Central Object of Regression is to FIT A LINE:

The most important goal of regression is to approximate the dependent variable as a linear function of the independent variables. The regression output estimates that H is a linear function of the C:

H = 4.21 + 0.79 C + err

A graph of this relationship is given below. The orange is the regression line, while the blue is the actual data.

Visually, we can see that the data fits reasonably well to the line. This reflects the high correlation of 83%. However, this apparent linear pattern in data is not a good reflection of the TRUE relationship between these two variables H and C. The regression estimates don’t make sense. They have been derived under assumption that C is fixed, and H is caused by C. But this is not true.

A standard interpretation of this regression relationship would be that if we change C by one unit, then H would change by 0.79 units. This is NOT valid, because C is dependent on K and an Error ErrC. If we change ErrC – that is, the error of measurement – this will cause a change in C but not in K. Since K is the cause of H, changes in the error of measurement of C will not affect H. So the interpretation of 0.79 as the effect of changes of C on H is not correct. Similarly, none of the other statistics generated by regression make any sense, because the assumptions of the regression model are not satisfied.

 

The F-statistic for the Regression:

 

F              40.62765                              Significance F     5.29E-06

 

We will end this lesson with an interpretation of the overall F-statistic for the regression as a whole. This is similar to the R-squared in being a measure of the overall goodness of fit between the data and the regression line. First we recall the meaning of the p-value, which is also called the significance level.

Significance Level: Suppose our null hypothesis is that a coin is fair. We flip it 100 times and observe 70 heads. The p-value measures how much this observation is in conformity with the null hypothesis. The p-value is defined to the probability of the observed event, together with ALL equal or more extreme events. Here more extreme means having lower probability. If X is the number of heads in 100 with 50% success probability on each trial, then the p-value of the observation 70 is P(X>=70)+P(X<=30) which is 2*3.92507E-05, an extremely low probability. This means that the event is highly unlikely under the null hypothesis. Because there is a high degree of conflict between the observed event and the null hypothesis that the coin is fair. So, we can reject the null hypothesis.

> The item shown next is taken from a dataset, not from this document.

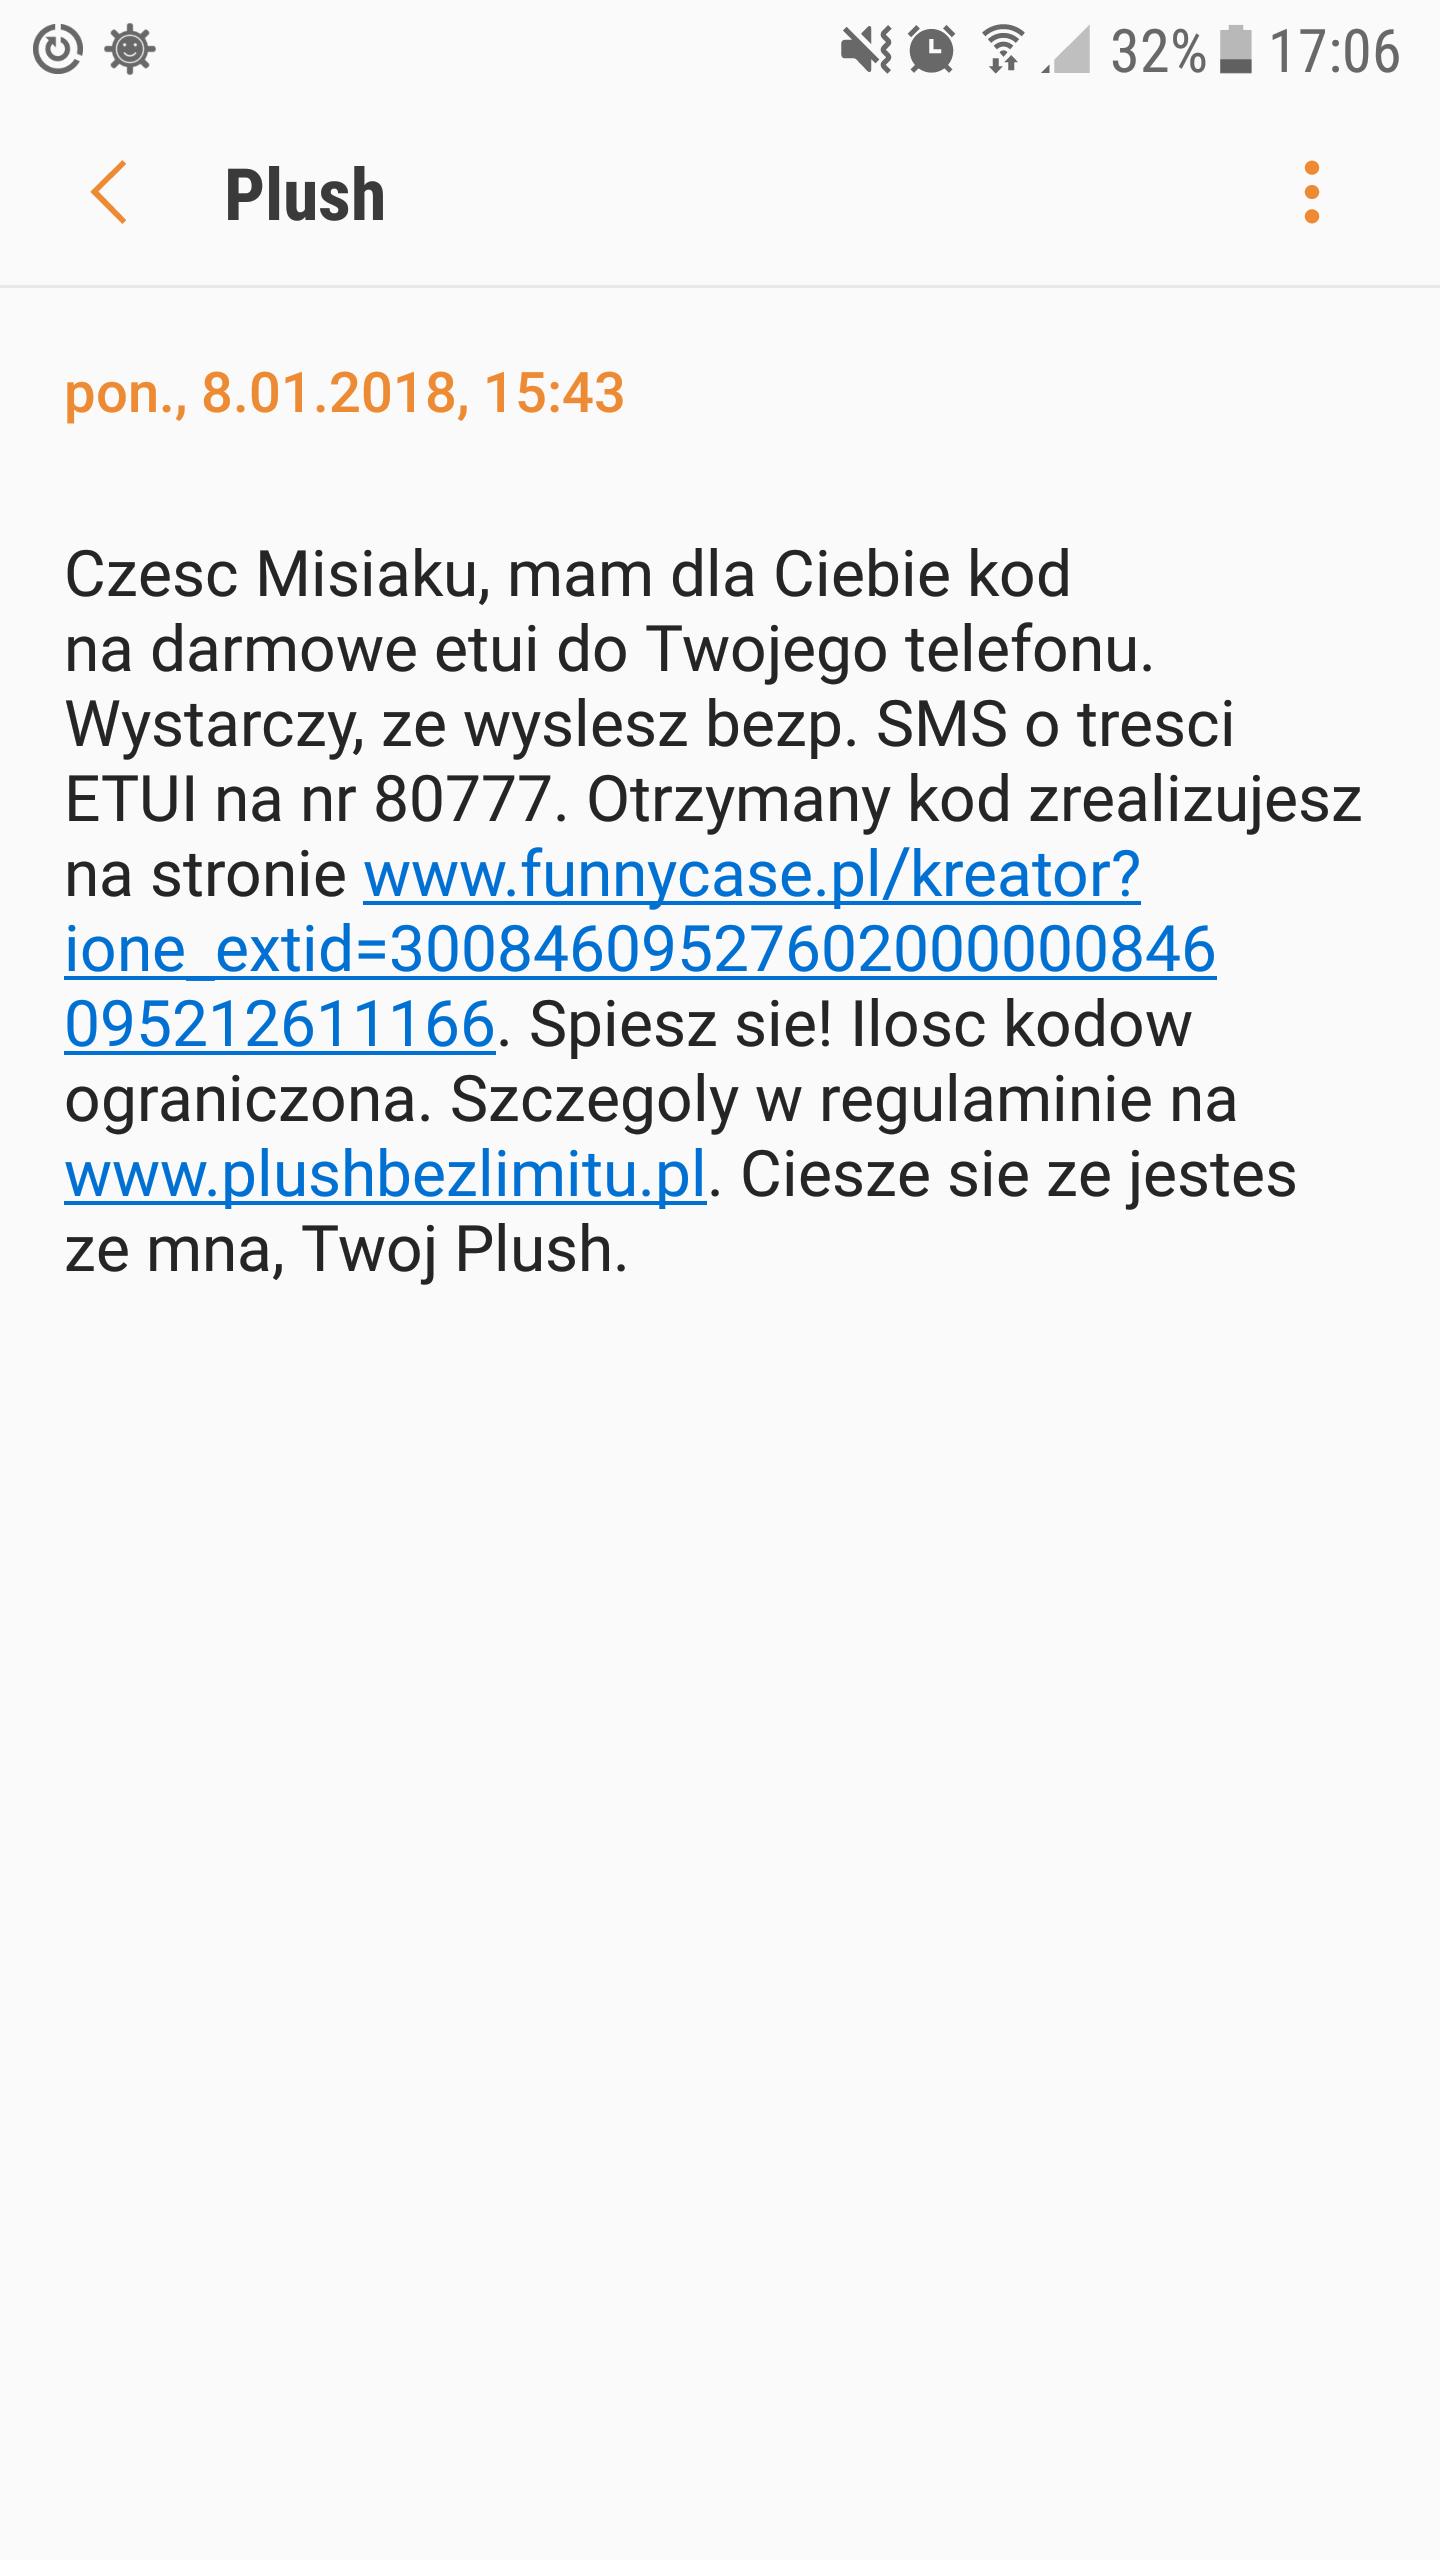 DARMOWE SPERSONALIZOWANE ETUI NA TELEFON @ PLUSH
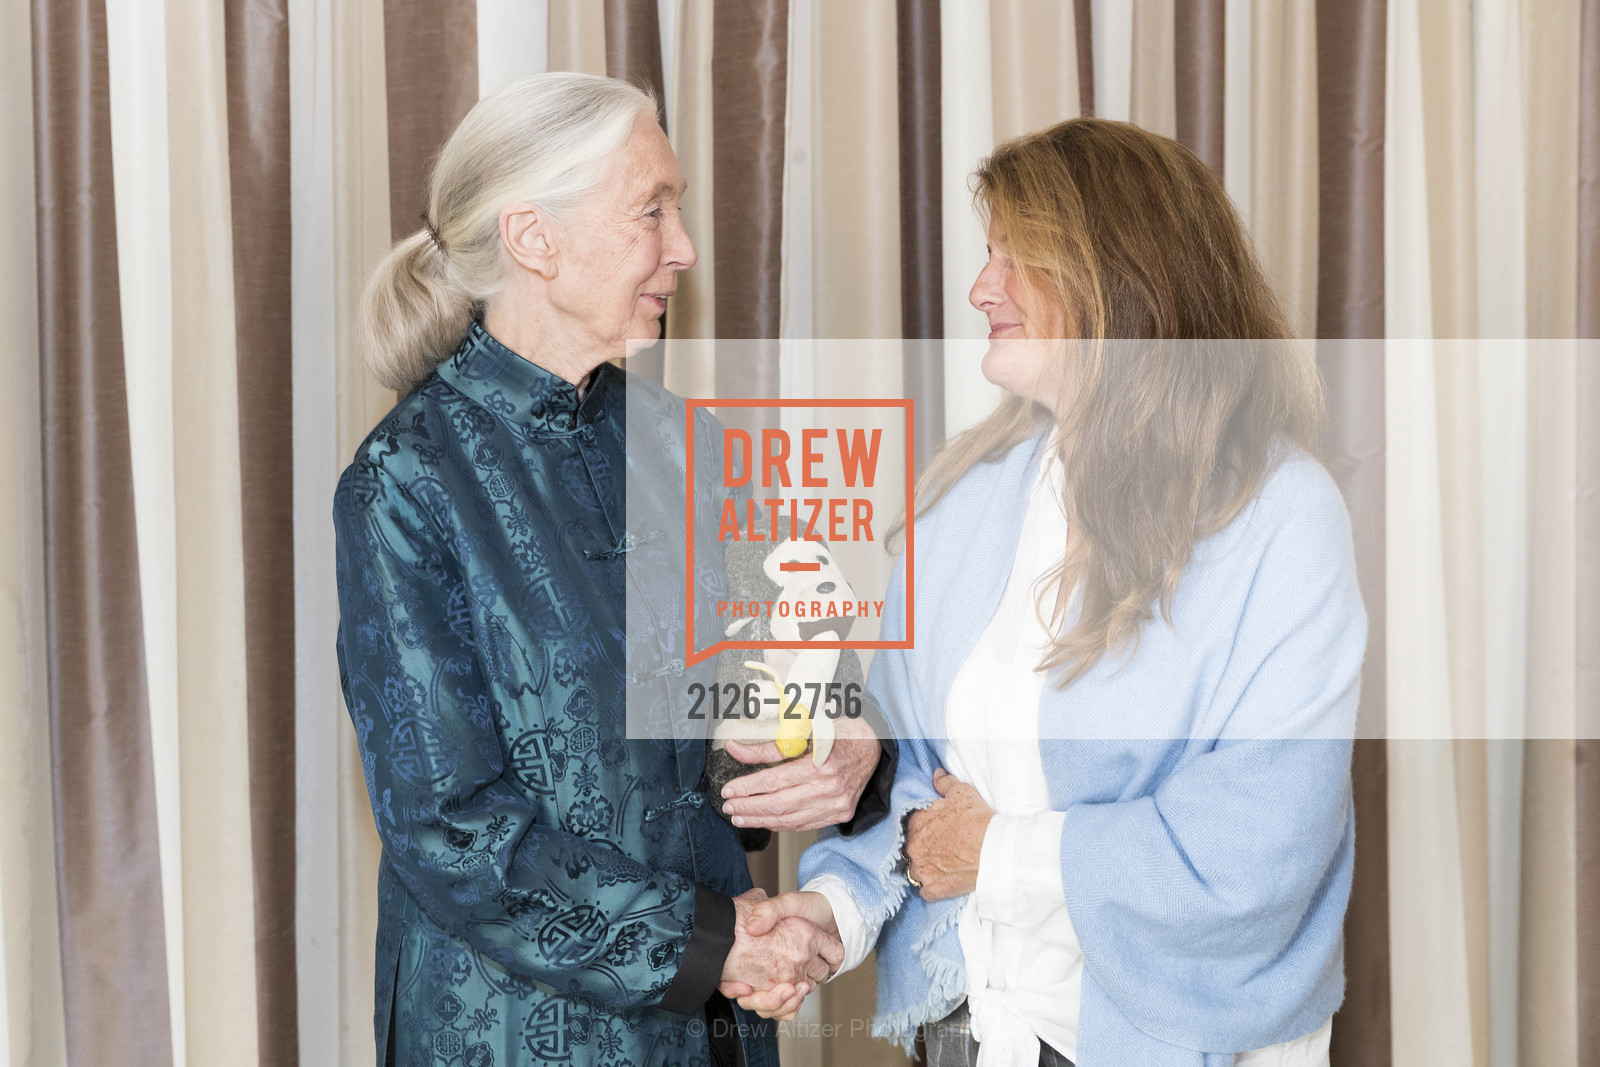 Jane Goodall, Elizabeth Nordlinger, Photo #2126-2756

Now, we go back to the interpretation of the F-statistic. This is a test for the null hypothesis that all coefficients in the regression are 0. That is a=0 and b=0, so that there is no connection between the two measures H and C. The statistic of 40 with significance of 5.3E-06 means that this is highly unlikely. So, we can reject the null hypothesis of no connection between H and C. While the inference is correct (that is, there is a strong relationship between H an C), the reasoning which leads to this conclusion is wrong. Also, the p-value is meaningless, since the assumptions on which it is based are not valid.